▶ EXERCISE DIRECTIONS:
Give the data again exactly, without its images.

▶ DATA BELOW:
*** Block opens ***
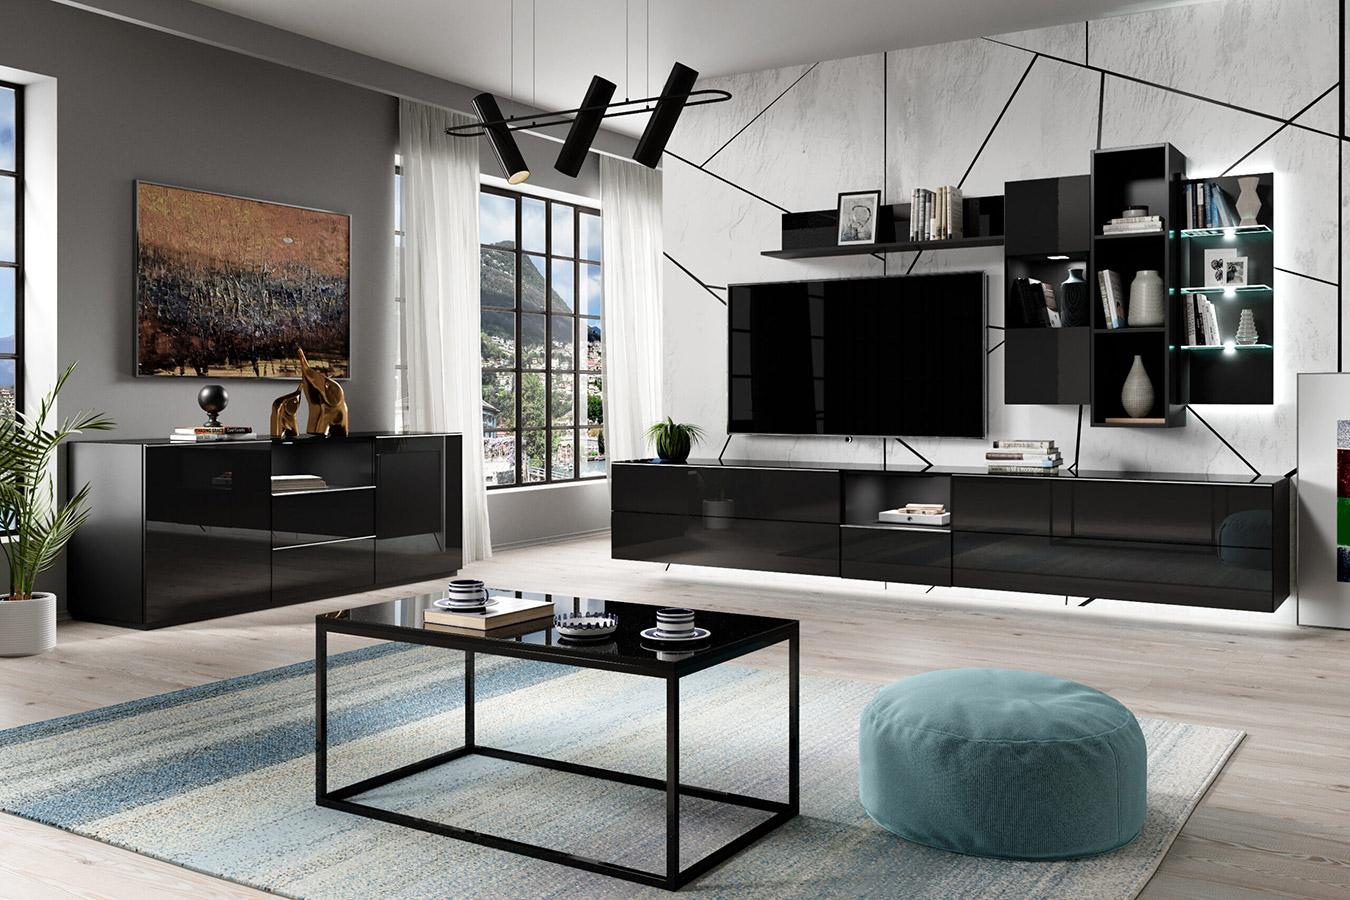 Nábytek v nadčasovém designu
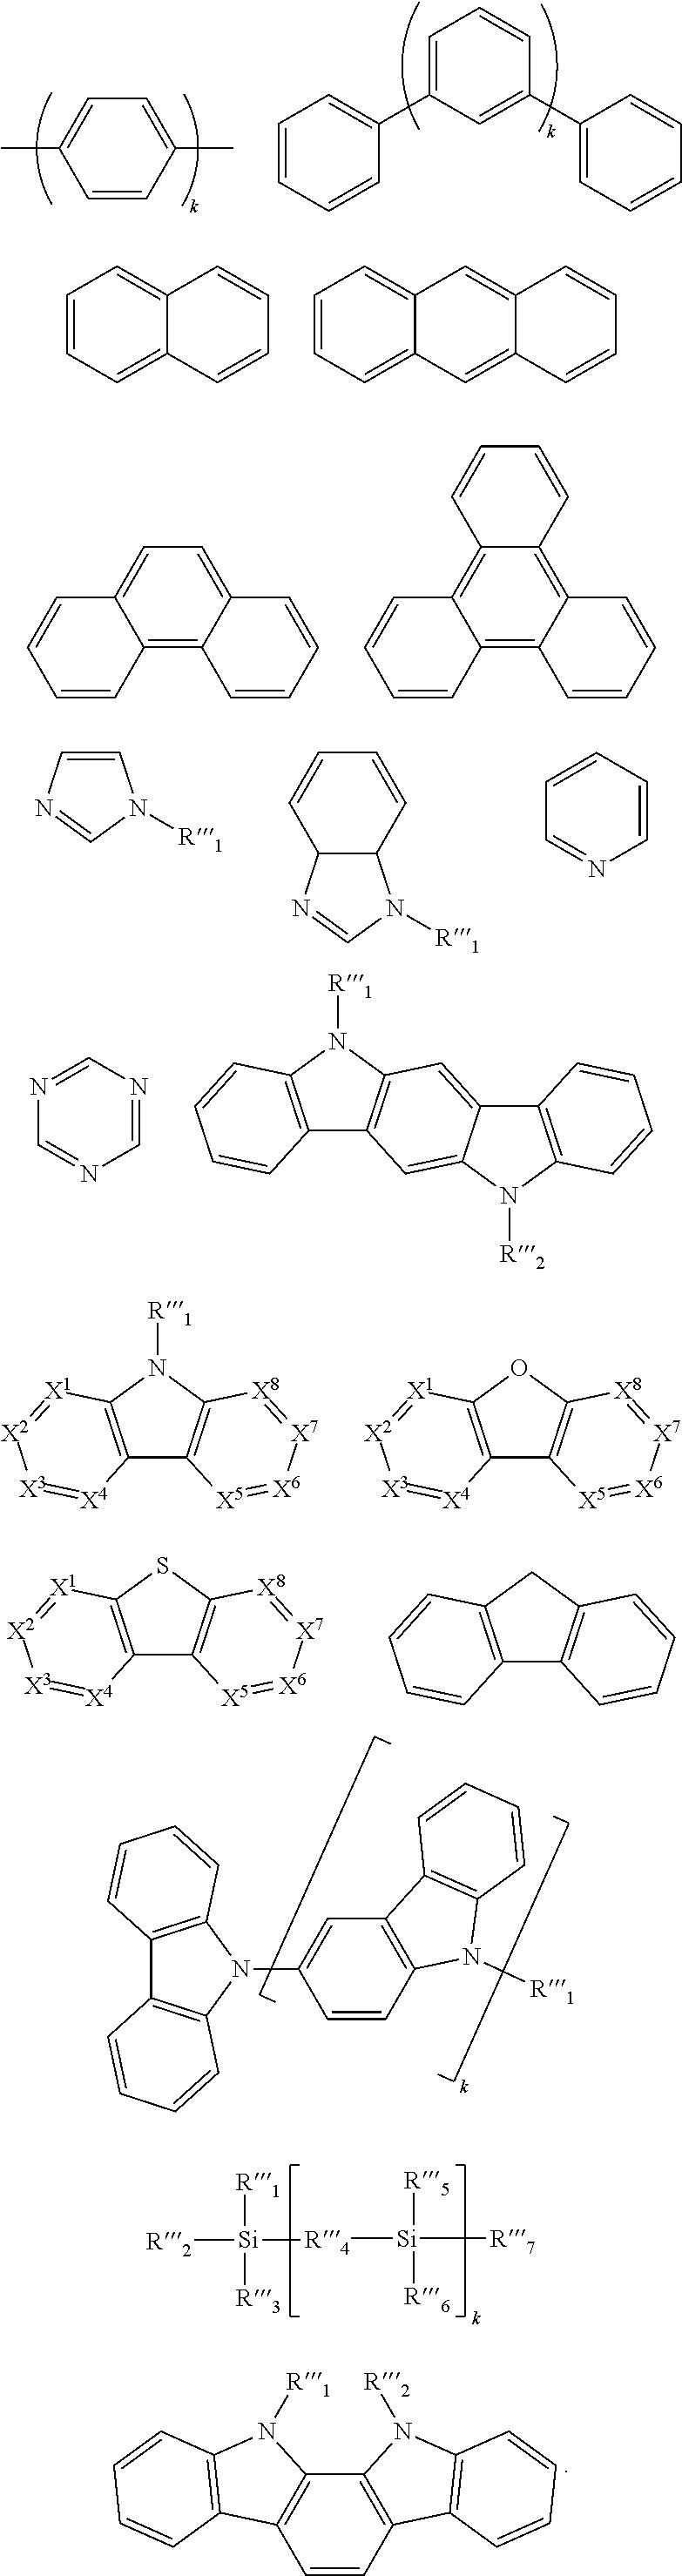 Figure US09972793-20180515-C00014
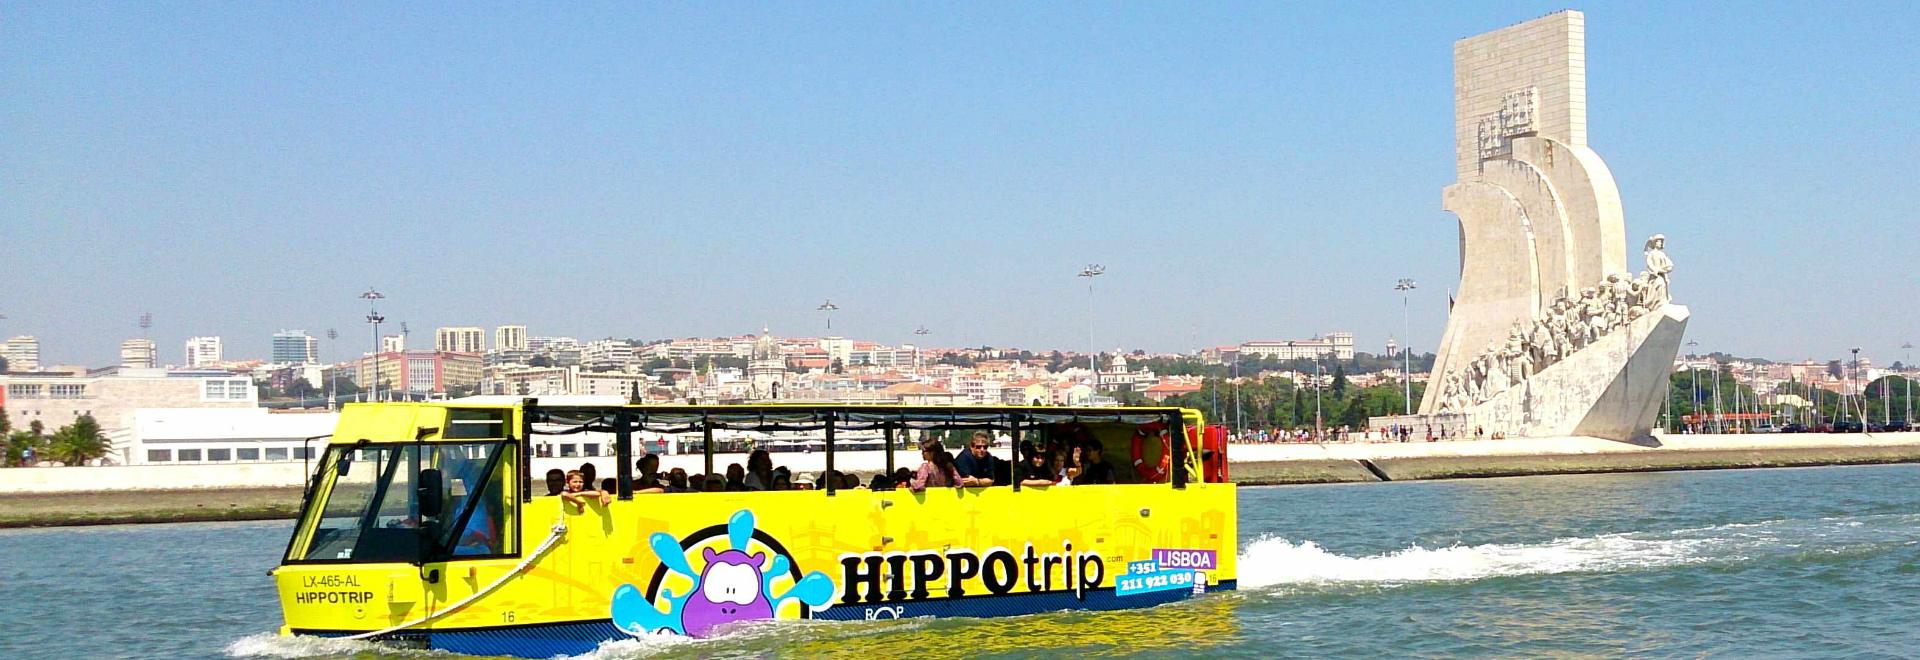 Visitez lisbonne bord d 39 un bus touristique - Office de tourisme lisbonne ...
*** Block closes ***
▶ ANSWER TO THIS TASK:
 Nábytek v nadčasovém designu
 Figure US09972793-20180515-C00014
 Visitez lisbonne bord d 39 un bus touristique - Office de tourisme lisbonne ...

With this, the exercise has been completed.